### AIM OF THE EXERCISE
Give the listing again in full and exactly, apart from its pictures.

### MATERIAL PROVIDED
━━━━
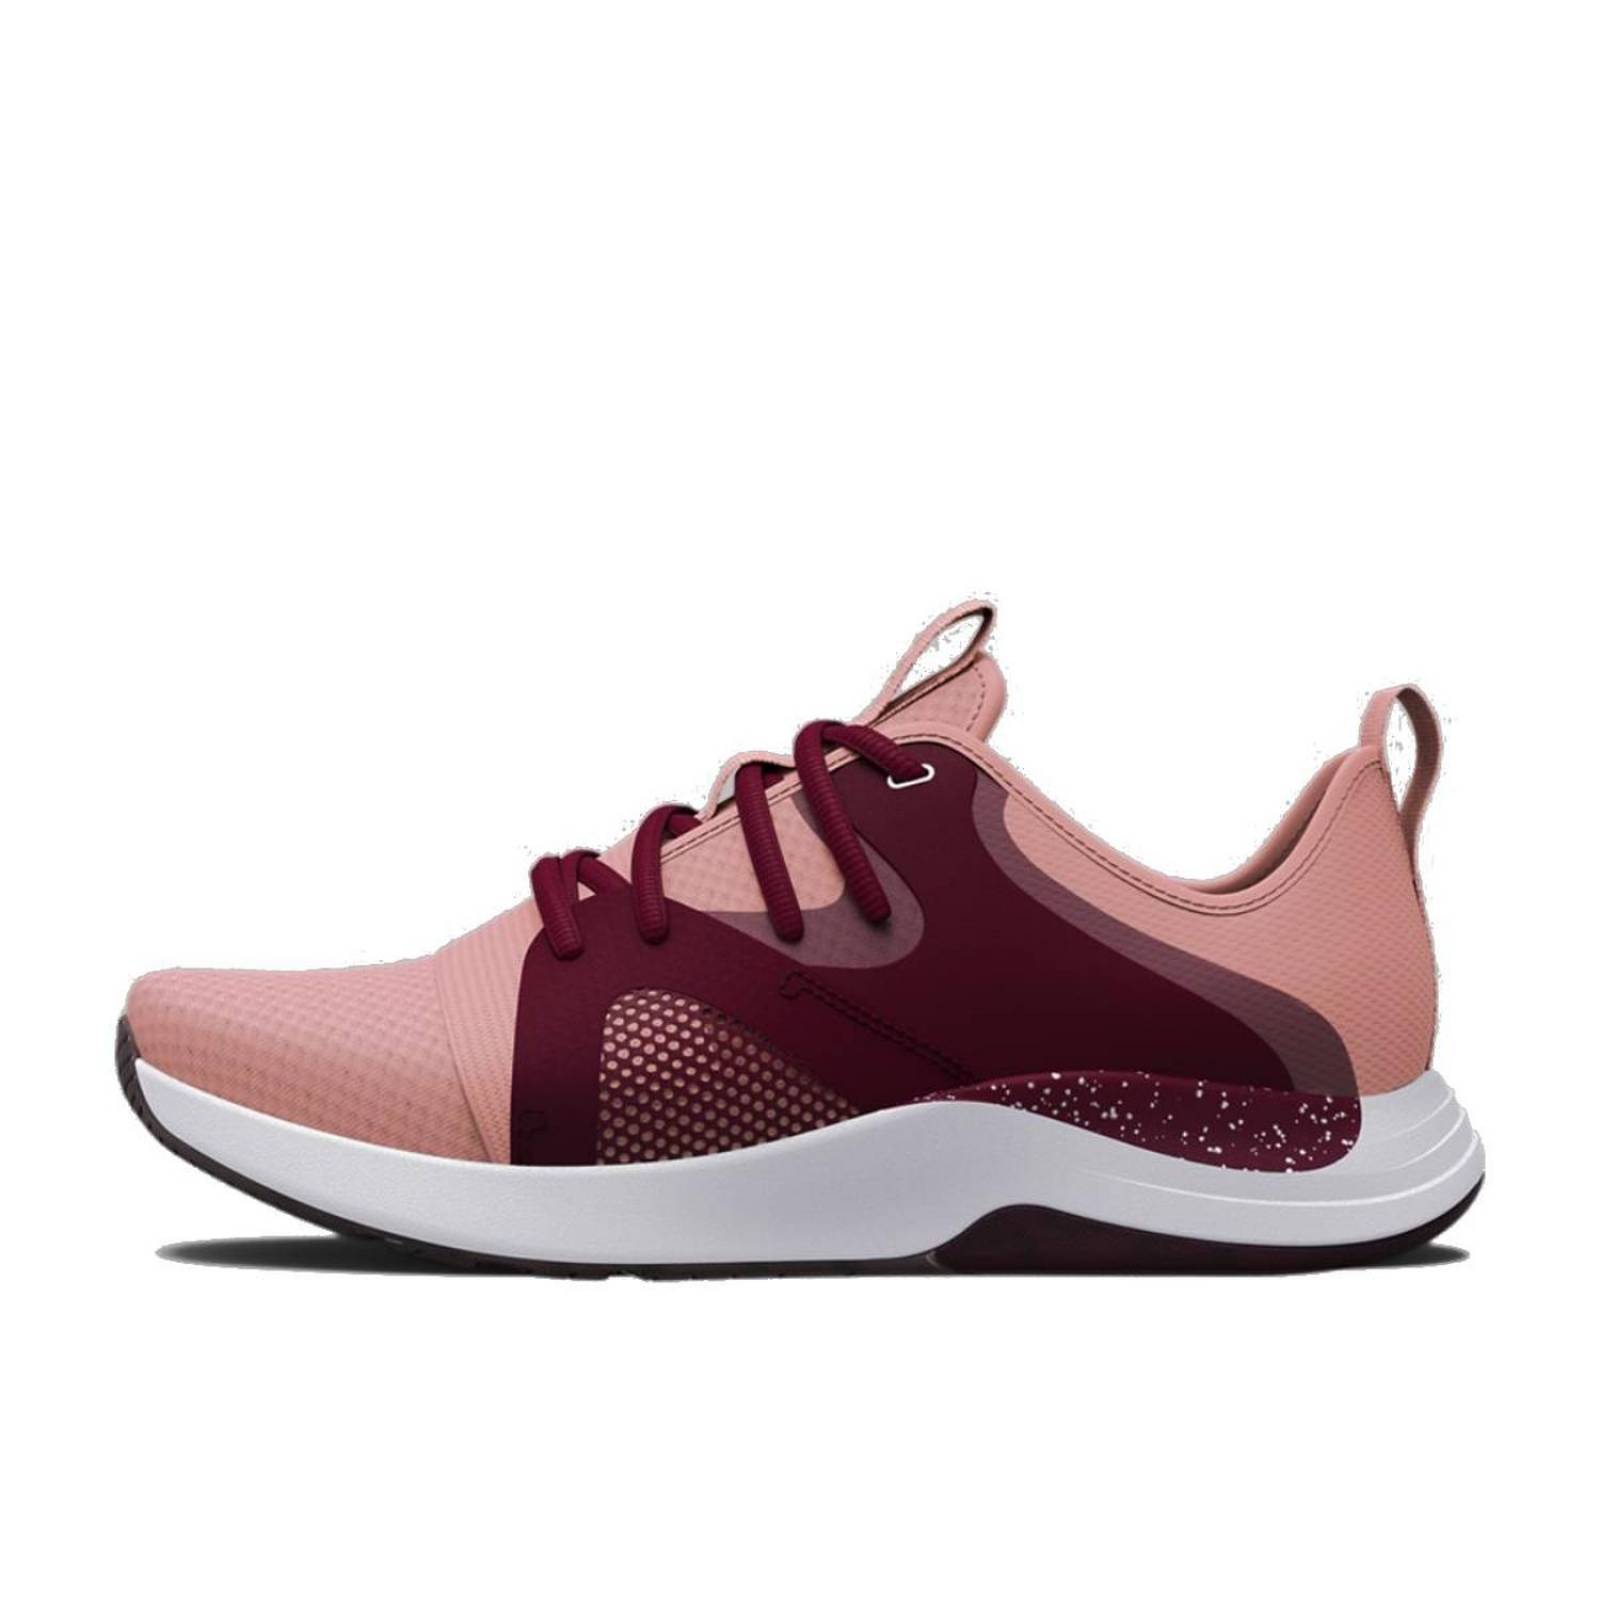 Tenis Under Armour Mujer Gris Rosa W Breathe 3021822100
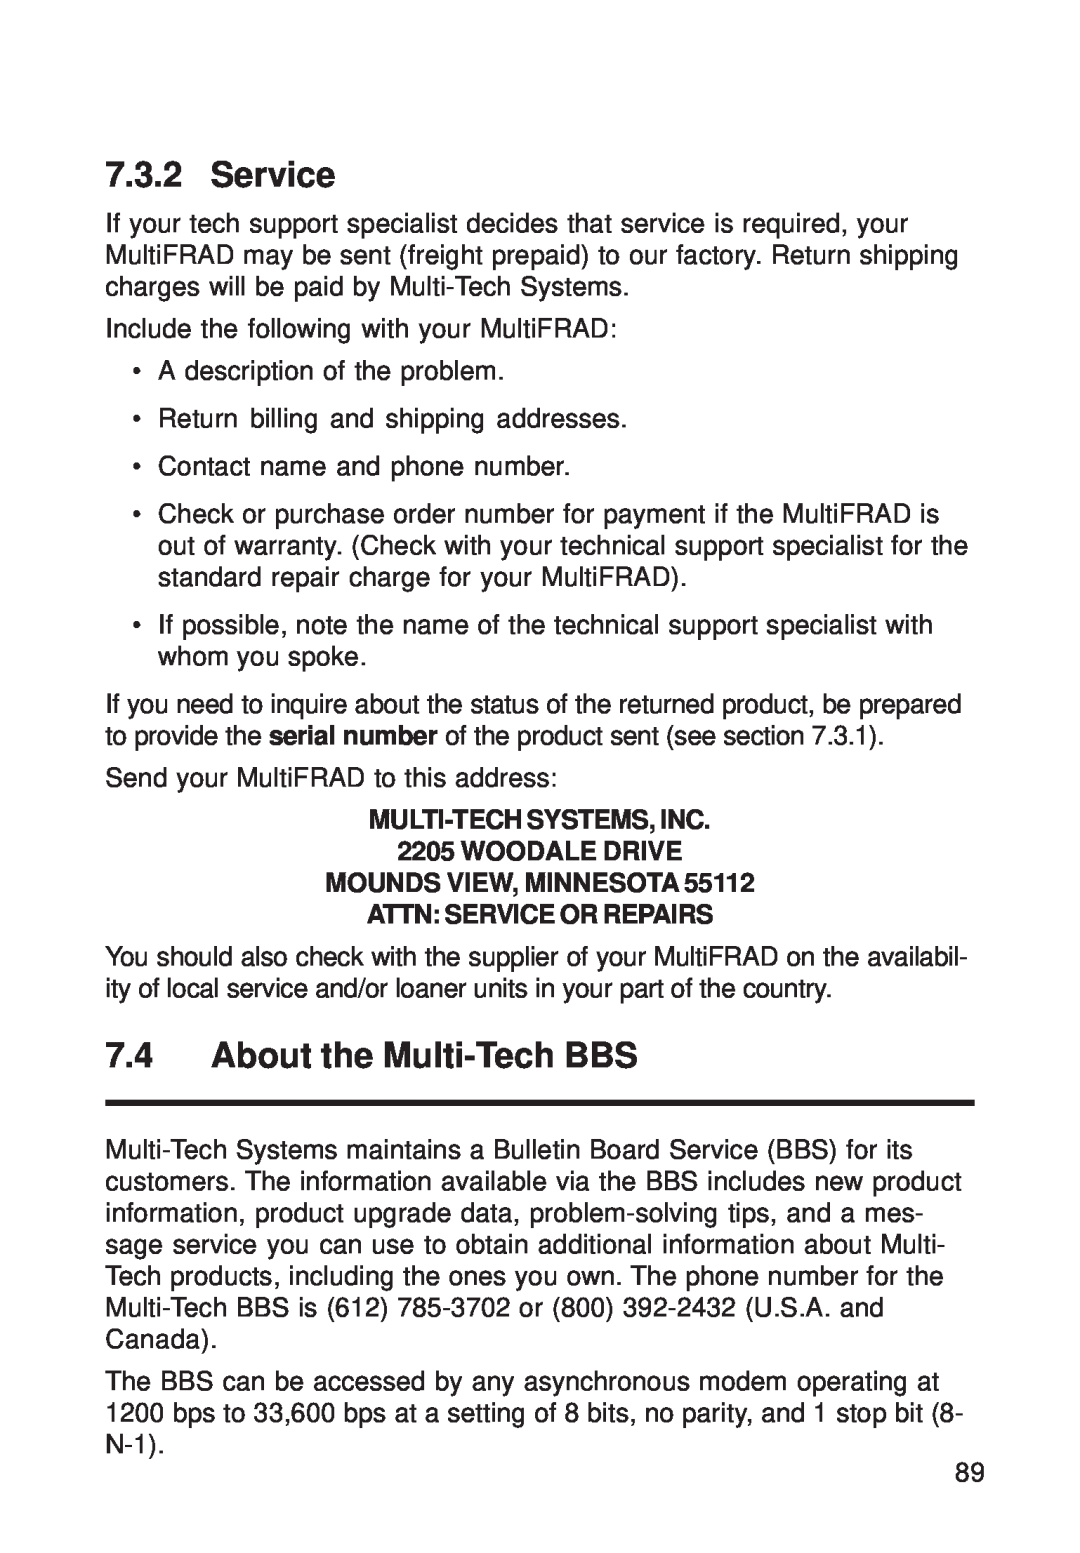 Multi-Tech Systems FR111 owner manual About the Multi-Tech BBS, Attn Service Or Repairs 
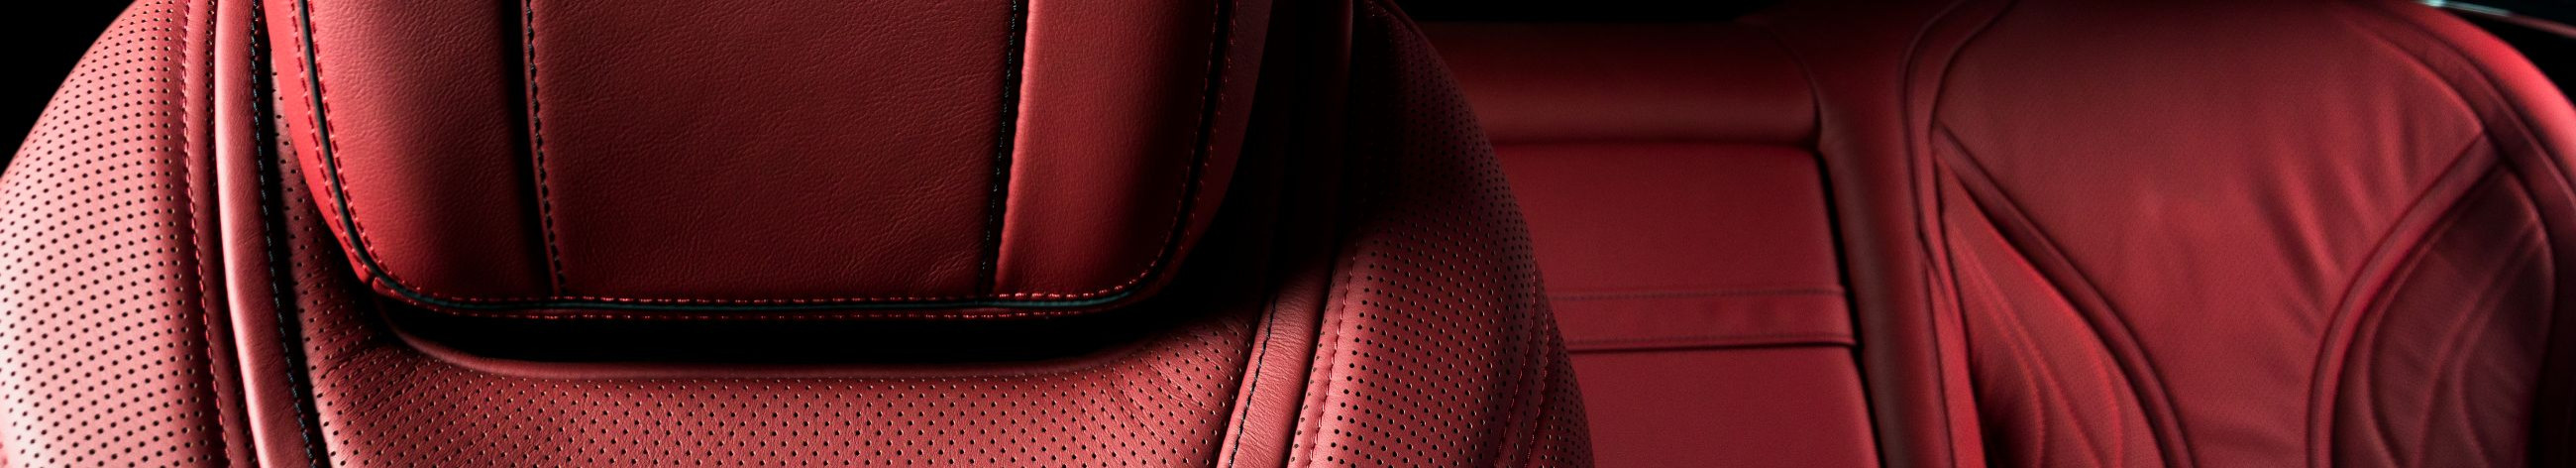 We specialize in the renewal and restoration of vehicle interiors and soft furnishings, offering a range of services from leather seat repair to custom upholstery design, ensuring every detail is tailored to perfection.
━━━━
### ANSWER TO THE EXERCISE
 Tenis Under Armour Mujer Gris Rosa W Breathe 3021822100
 Multi-Tech Systems FR111 owner manual About the Multi-Tech BBS, Attn Service Or Repairs 
 We specialize in the renewal and restoration of vehicle interiors and soft furnishings, offering a range of services from leather seat repair to custom upholstery design, ensuring every detail is tailored to perfection.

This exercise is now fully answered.